Peter Reddaway
Peter Reddaway is Professor Emeritus of Political Science and International Affairs at George Washington University. He received his B.A. and M.A. degrees from Cambridge University and did graduate work at Harvard and Moscow Universities and the London School of Economics and Political Science. Before joining GW in January 1989, he taught at the London School of Economics and then directed the Kennan Institute for Advanced Russian Studies. At GW, he taught—until his retirement in 2004—courses on Soviet and post-Soviet government and politics, and on human rights, and a multi-disciplinary introduction to Russia and Eastern Europe.
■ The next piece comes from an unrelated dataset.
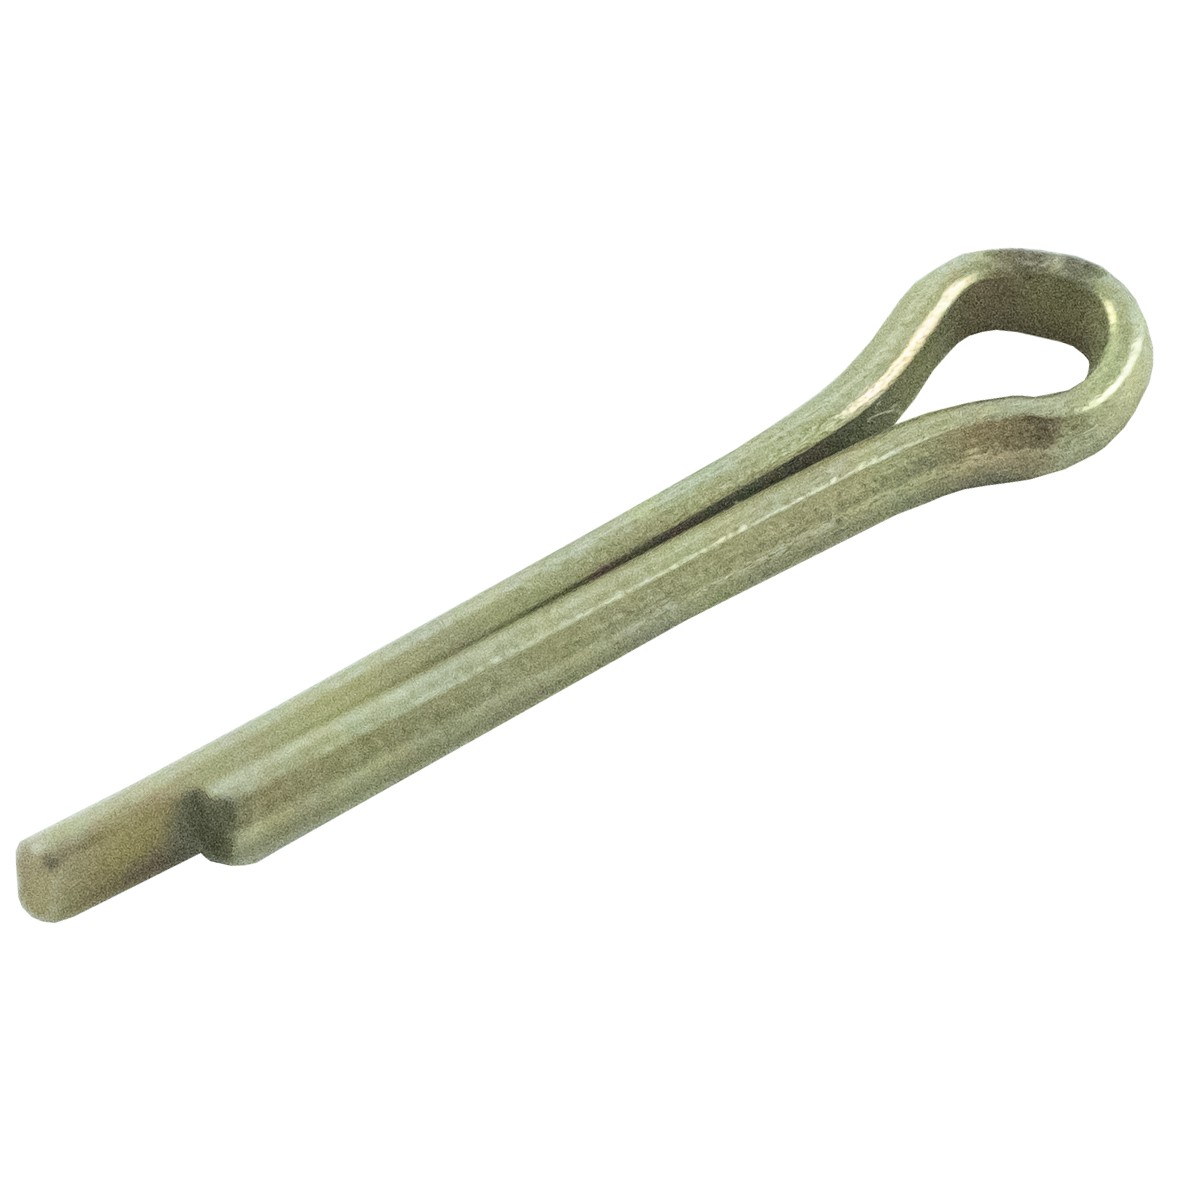 Cotter pin for 23 x 2 mm bolt, handbrake lever VST MT180, 05200125015

His principal publications include Uncensored Russia: The Human Rights Movement in the USSR (1972), Psychiatric Terror: How Soviet Psychiatry is Used to Suppress Dissent (with S. Bloch, 1977), Soviet Psychiatric Abuse (with S. Bloch, 1984), Authority, Power and Policy in the USSR (ed. with T.H. Rigby and A. Brown, 1980), The Tragedy of Russia's Reforms: Market Bolshevism Against Democracy (with D.Glinski, 2001), and The Dynamics of Russian Politics: Putin's Reform of Federal-Regional Relations (with R. Orttung, vol. 1, 2003, vol. 2 due in 2004). Reddaway contributes articles and interviews to the international media, and provides consultation for government bodies concerned with foreign affairs.
Author's Books
The Tragedy of Russia’s Reforms presents a boldly original analysis of the collapse of the Soviet Union and the birth of the Russian state. The keys to understanding these events, the authors argue, are the prescriptions of Western “transitologists,” the International Monetary Fund, and advocates of economic “shock therapy.” These prescriptions allowed the nomenklatura and the financial “oligarchs” to acquire Russia’s industrial and natural resources and to heavily influence the country’s political destiny. In this long-awaited, sweeping interpretation, the authors skillfully place the contemporary Russian experience in the context of history, political theory, and Russia’s place in the international system.